In another embodiment, the system may store the user's own voice stating the name of identified objects instead of using a synthesized voice.
Other Usage
Since the camera can work as the “eyes”, and the near-real time image processing algorithms detect virtually any object based on its color, brightness, and shape, the present invention can be used in surveillance, as a security device, or for reconnaissance missions without endangering the lives of humans. The camera can work with infrared light and under night or foggy weather conditions. The camera can have laser oscillation to determine the distance of an object from the user or from another object. The camera can be equipped with a motion detector that could give positional beeping when an object moves into its field of vision. The detection could be accomplished using rotational sonar, radar, or laser.
Thus, a camera-based object detection system for the severely visually impaired or blind person is described in conjunction with one or more specific embodiments. The invention is defined by the following claims and their full scope of equivalents.

Claims

1. An object detection system, comprising:

a digital camera mounted on a user to take an image on demand;

one or more near-real time image processing algorithms connected to said camera to decipher attributes of said image;

an announcement module connected to said algorithms to construct a sentence to describe said image; and

a computer-based voice synthesizer connected to said module to verbally announce said sentence to said user.
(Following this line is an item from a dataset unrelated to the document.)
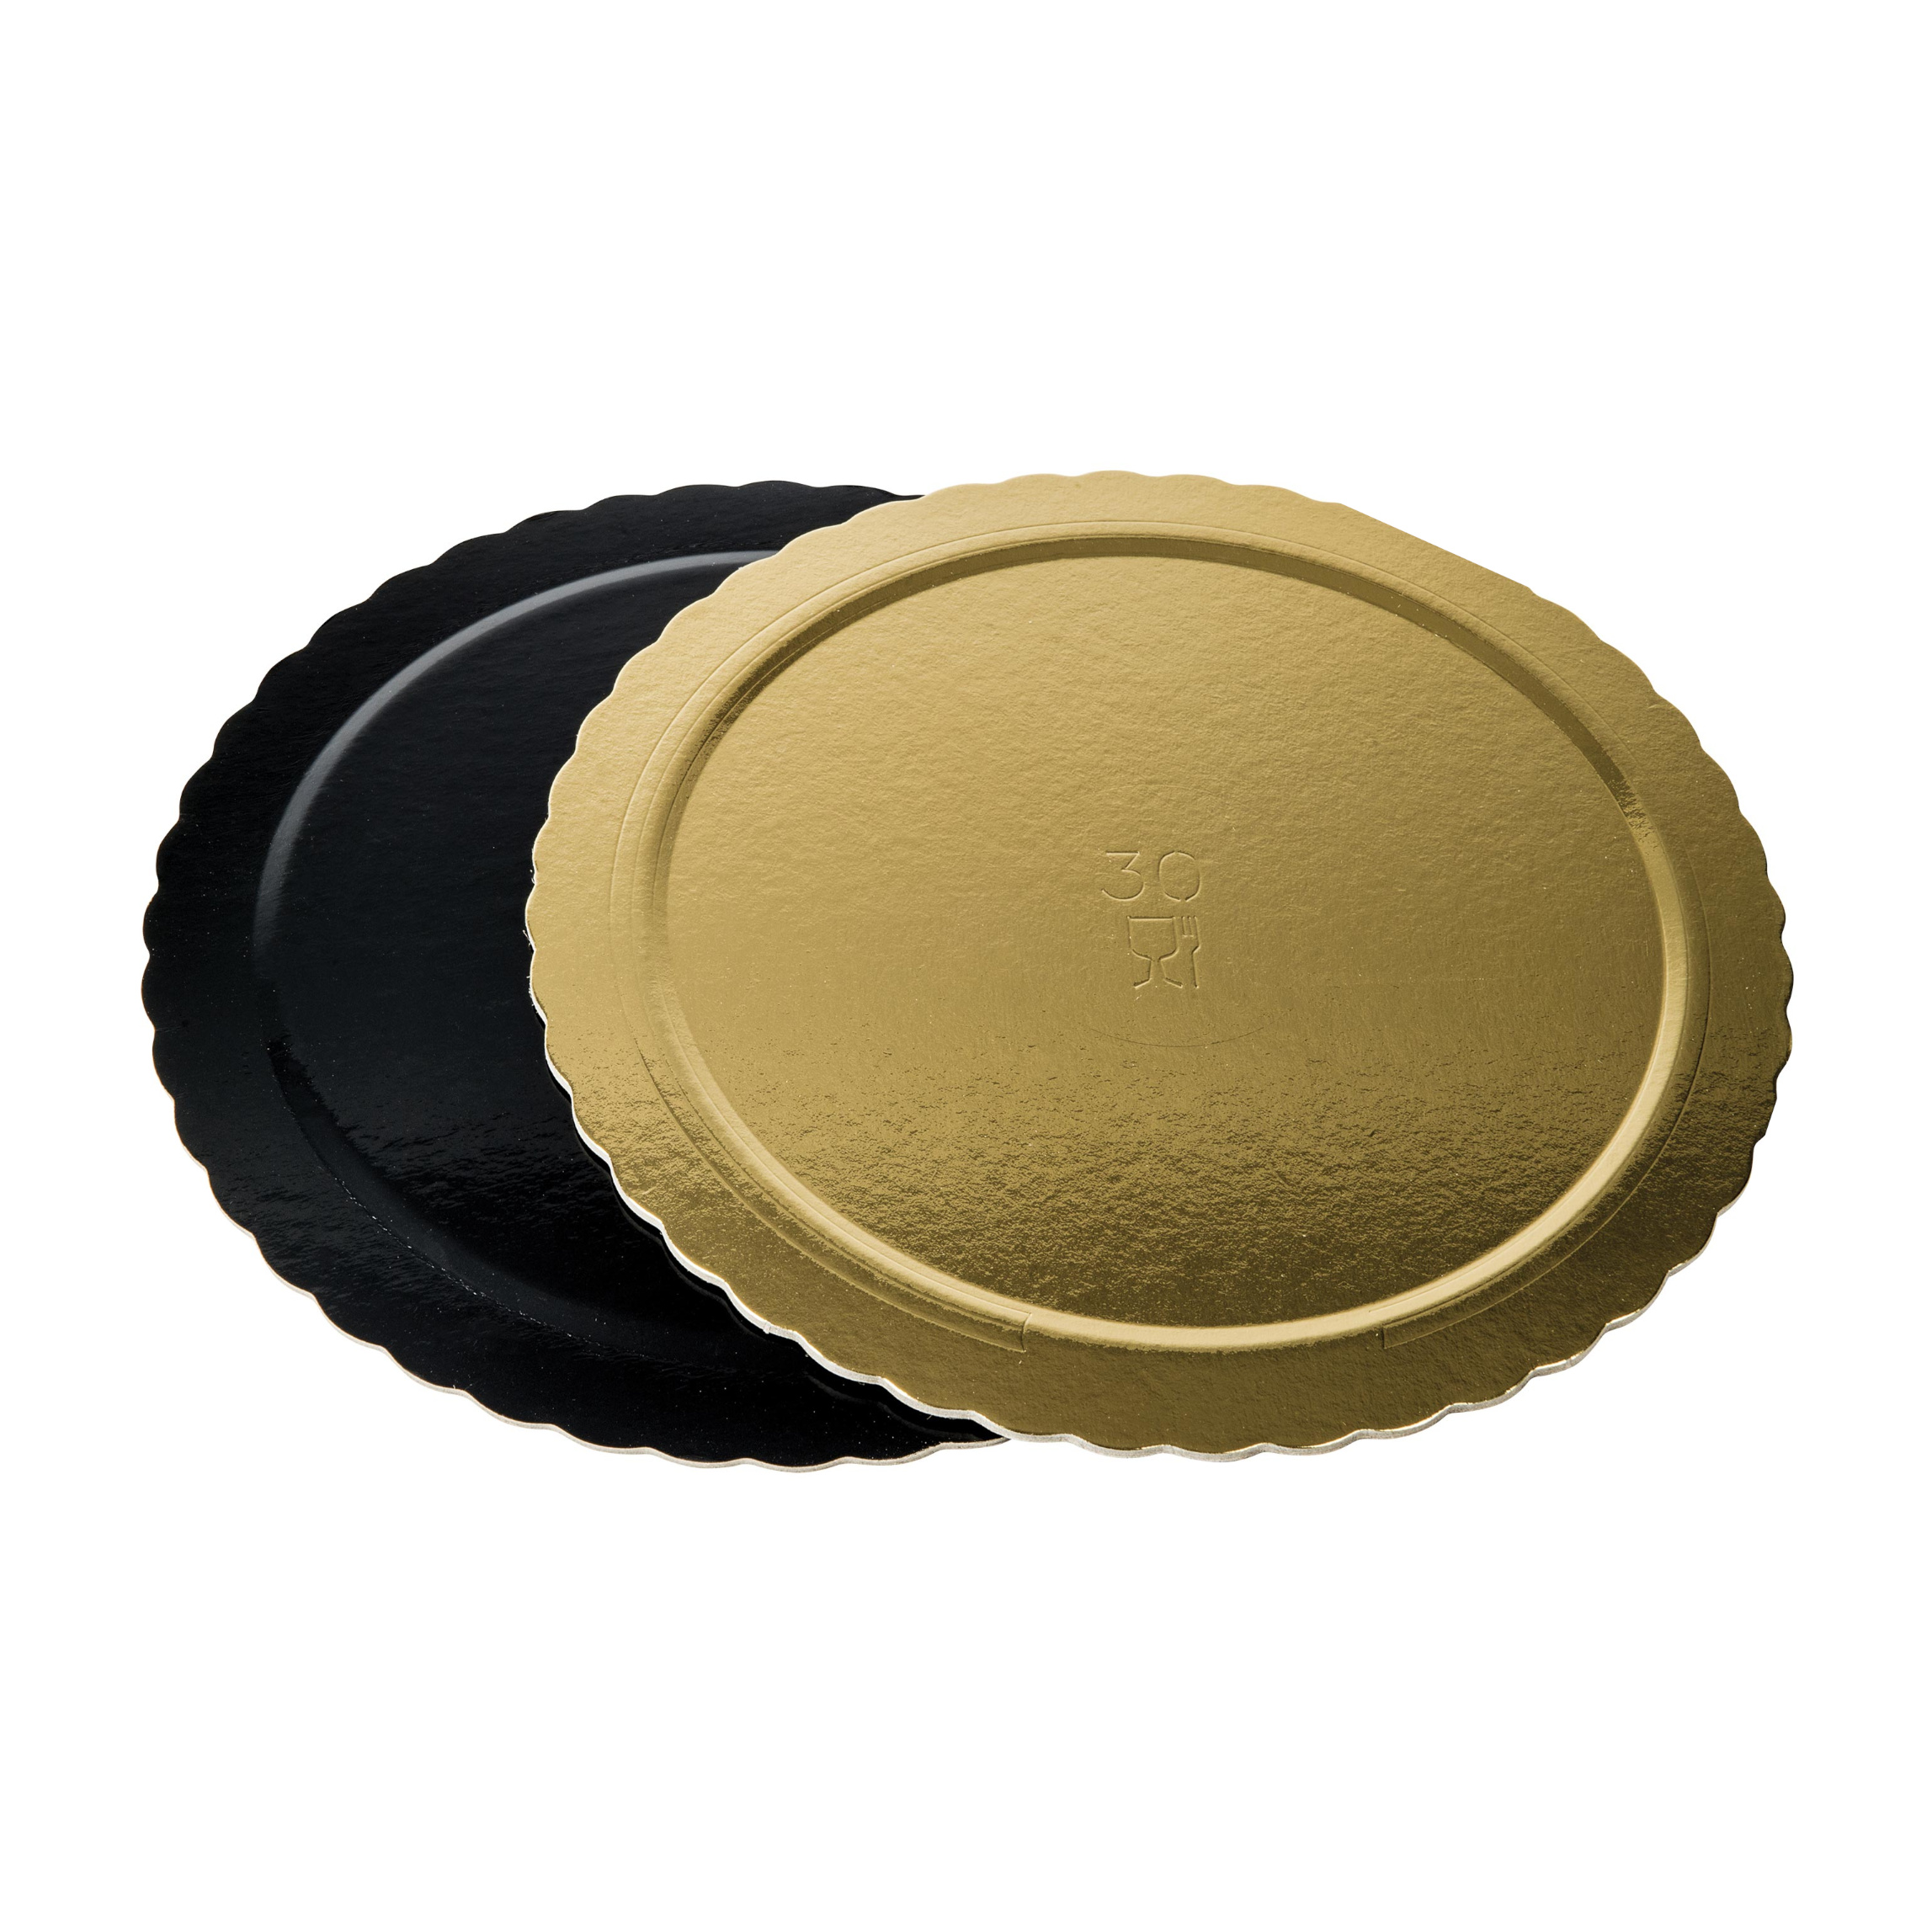 Dischi sottotorta kappati oro/nero 18cm pacchetto da 10kg

2. The system of claim 1 wherein said camera is mounted on said user's eyeglass.

3. The system of claim 1 wherein said camera is mounted on said user's forehead.

4. The system of claim 1 wherein said algorithms decipher said attributes by processing said image for edge pattern detection.

5. The system of claim 4 wherein processing of said image is classified in a look up table.

6. The system of claim 4 wherein processing of said image is classified by a threshold.

7. The system of claim 4 wherein processing of said image is classified by an artificial neural network.

8. The system of claim 7 wherein said network has a list of known objects within its memory.

9. The system of claim 1 wherein said attributes are color, brightness, or content of said image.

10. An object detection system capable of determining an object's size.

11. An object detection system capable of determining an object's distance from another.

12. An object detection system combinable with an IR-sensitive camera for image processing under difficult light conditions.